Professor Henry Lam works in risk analysis, simulation, and uncertainty quantification — the closest existing faculty research to Jonathan's area. His emphasis, however, is UQ for operations research and simulation, rather than AI/ML governance in finance under the current regulatory regime.
Jonathan should frame his work as complementary, not competing. Lam brings uncertainty quantification to classical simulation models; Jonathan brings it to machine-learning and AI systems under SR 26-2. Same rigour, adjacent domains — a natural basis for collaboration. Acknowledging Lam directly shows the committee Jonathan has read the faculty and understands precisely where he adds something new.
MSIE's Healthcare Management concentration and MSBA's Healthcare Analytics concentration are substantial programs. Clinical AI — diagnostic models, readmission prediction, clinical decision support — carries model-risk consequences arguably greater than finance. No course anywhere in IEOR currently addresses AI governance or uncertainty in healthcare.

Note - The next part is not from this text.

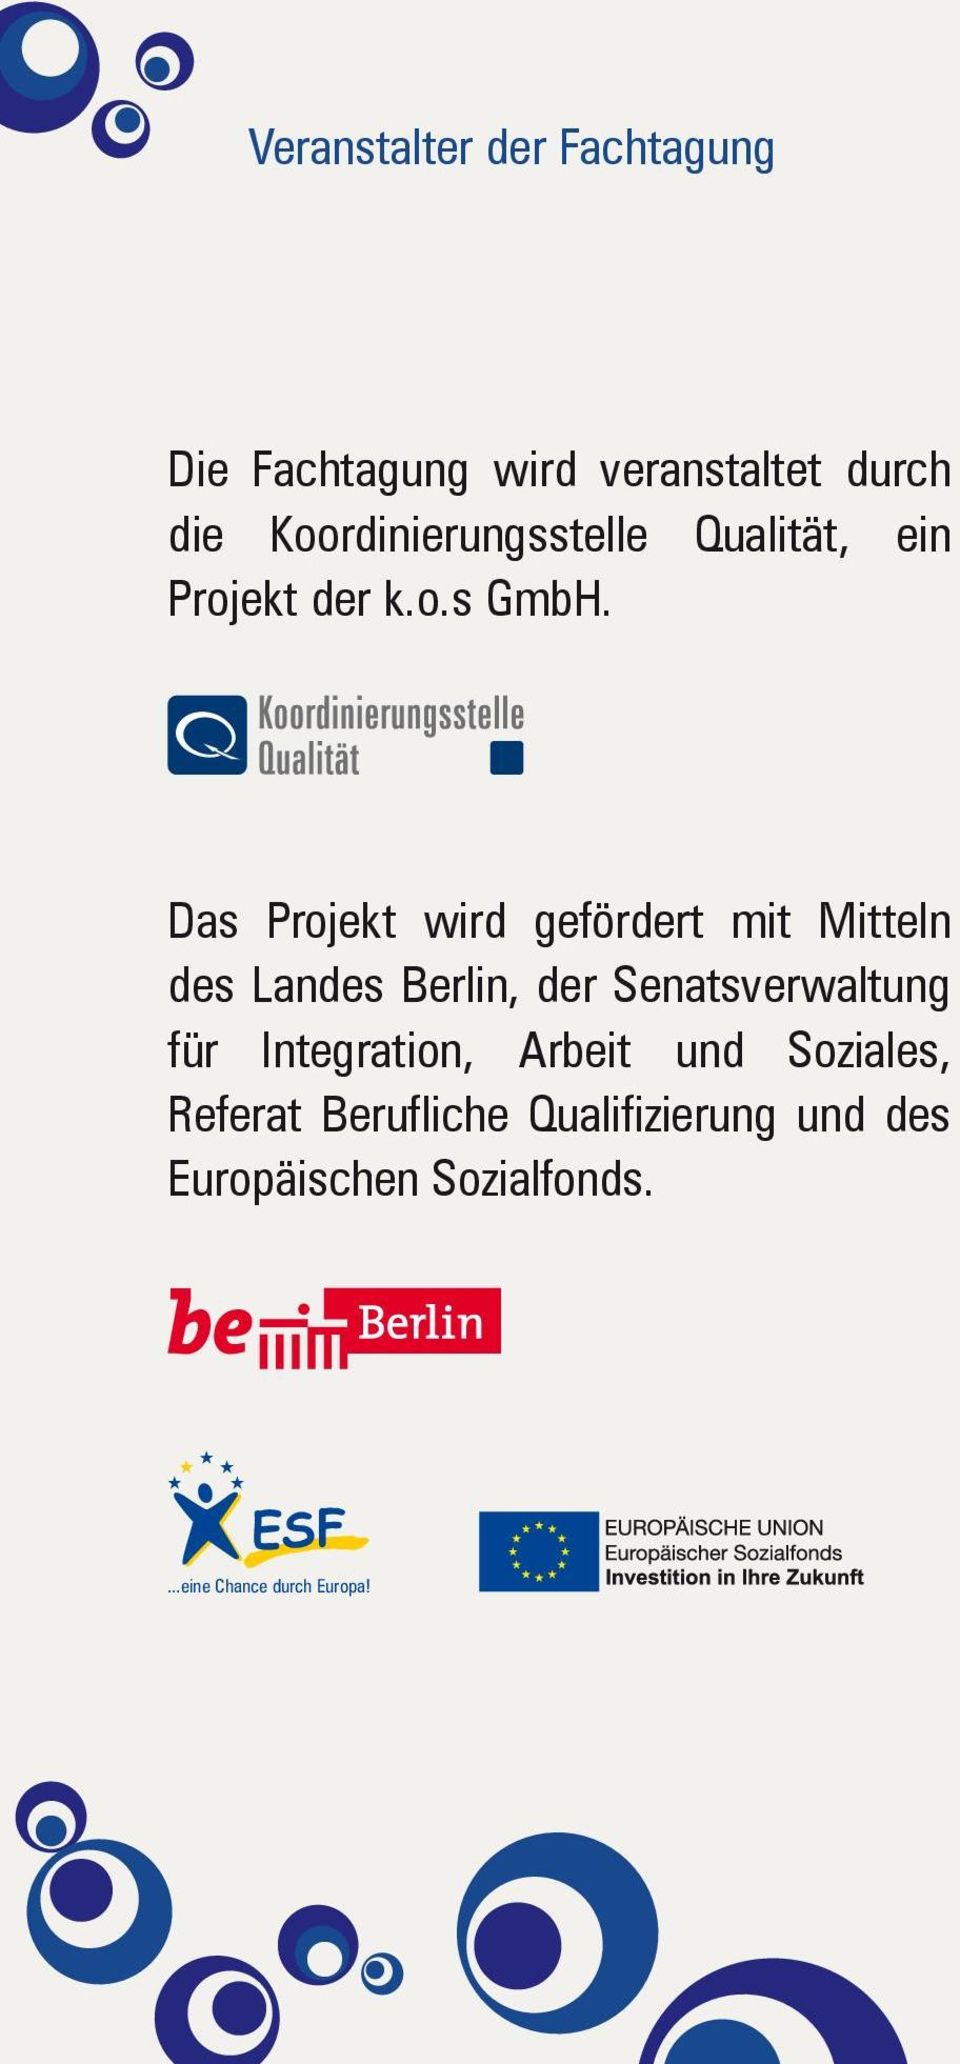 Das Projekt wird gefördert mit Mitteln des Landes Berlin, der Senatsverwaltung für

Jonathan need not lead with healthcare — it isn't his primary domain — but it strengthens the case: model risk and uncertainty quantification are as critical for clinical AI as for financial AI, and IEOR teaches both. It demonstrates that an investment in him serves multiple programs across the department.
The Bottom Line
Jonathan arrives with original research, a model-risk textbook, regulatory fluency under SR 26-2, and a teaching program that serves as the practical complement to what CAIRFI already funds on the research side.